• [PROBLEM] Transcribe, exactly and without pictures, the lines below from the line with "Easter pastel decor on white background." to the line with "Party hard by Lynxina", both ends included, and no others.

• [LISTED RECORDS]
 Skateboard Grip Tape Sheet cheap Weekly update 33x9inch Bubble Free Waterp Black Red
--
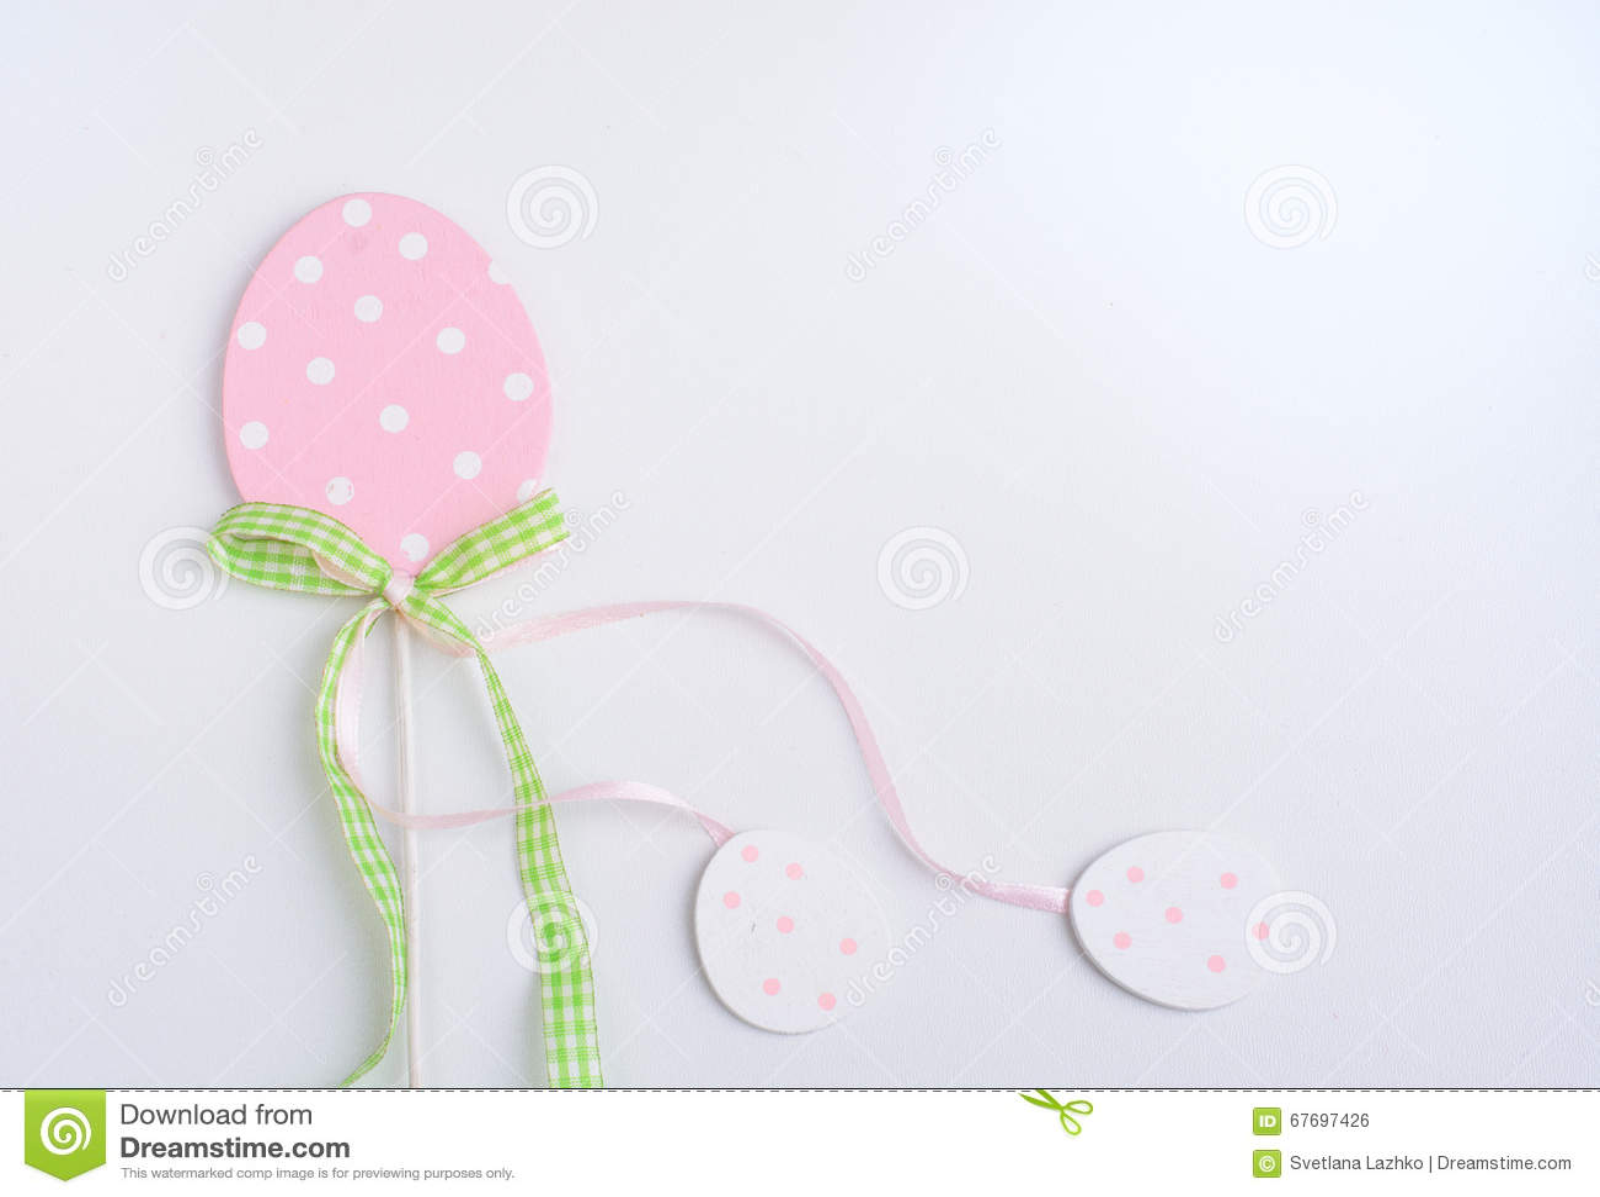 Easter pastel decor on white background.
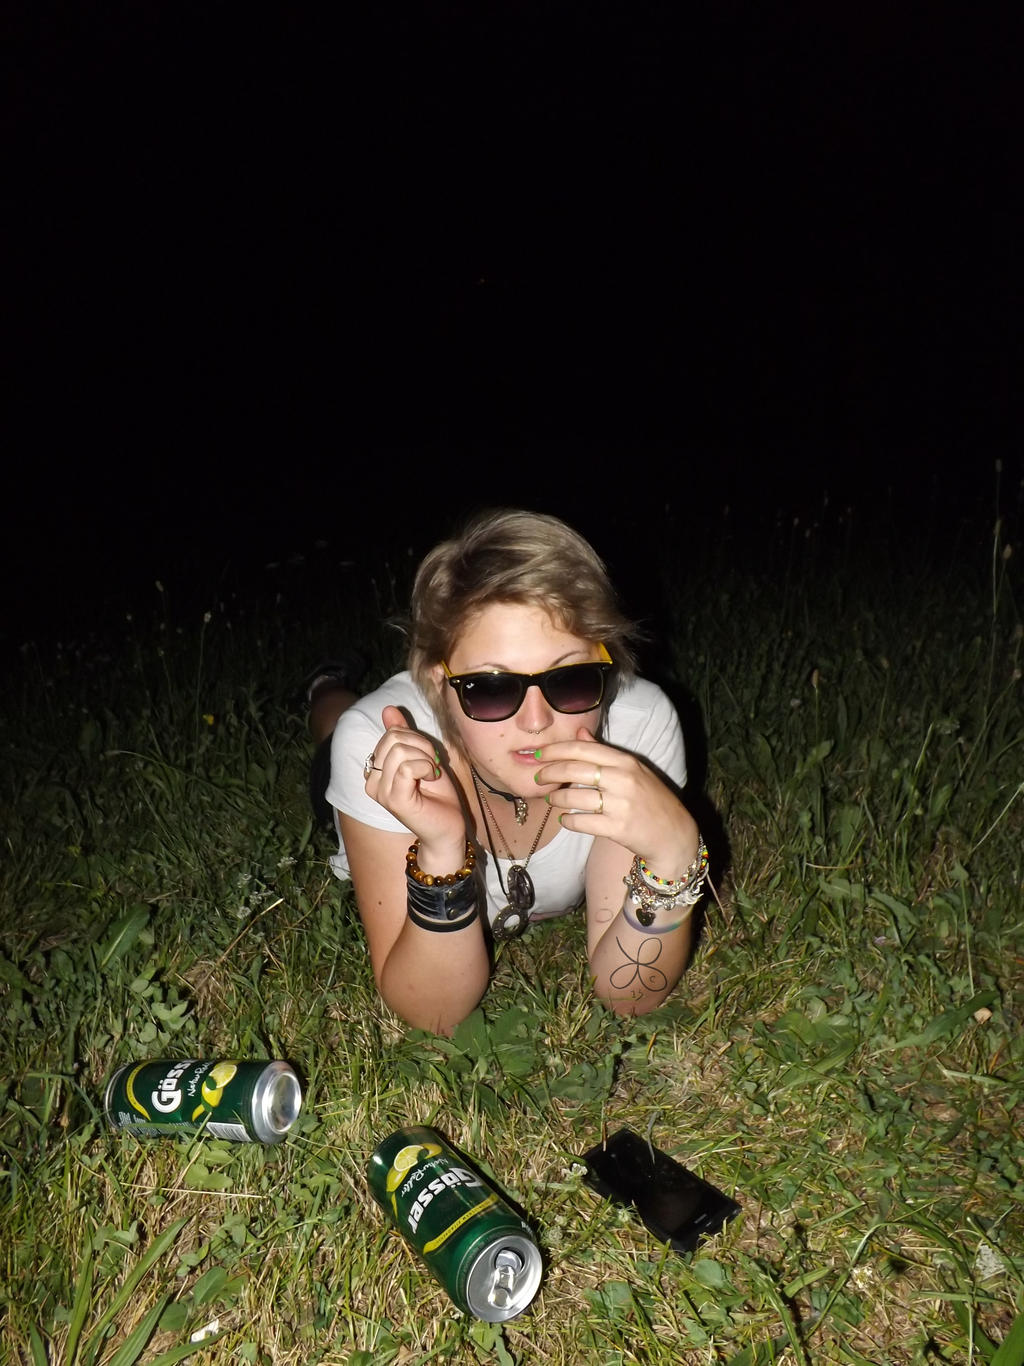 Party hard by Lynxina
...
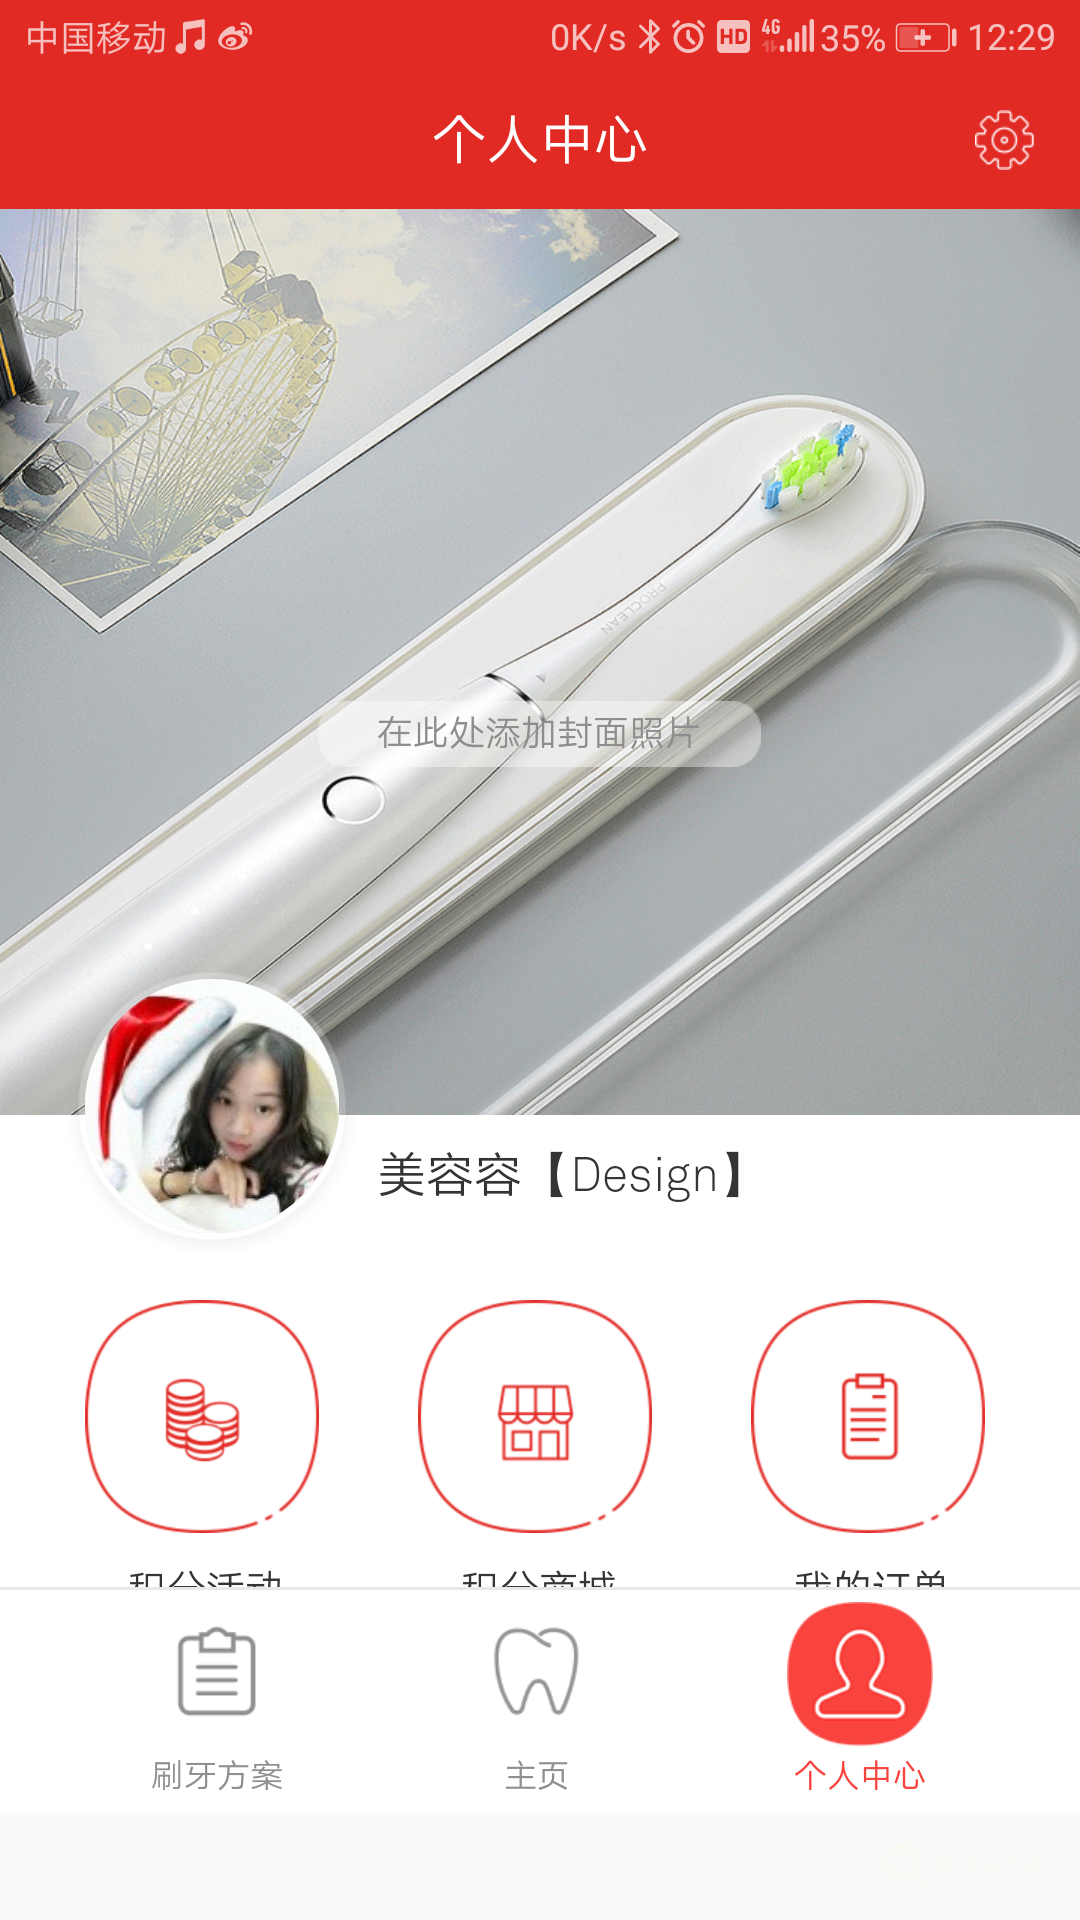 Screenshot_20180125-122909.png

• [EXERCISE RESULT]
 Easter pastel decor on white background.
 Party hard by Lynxina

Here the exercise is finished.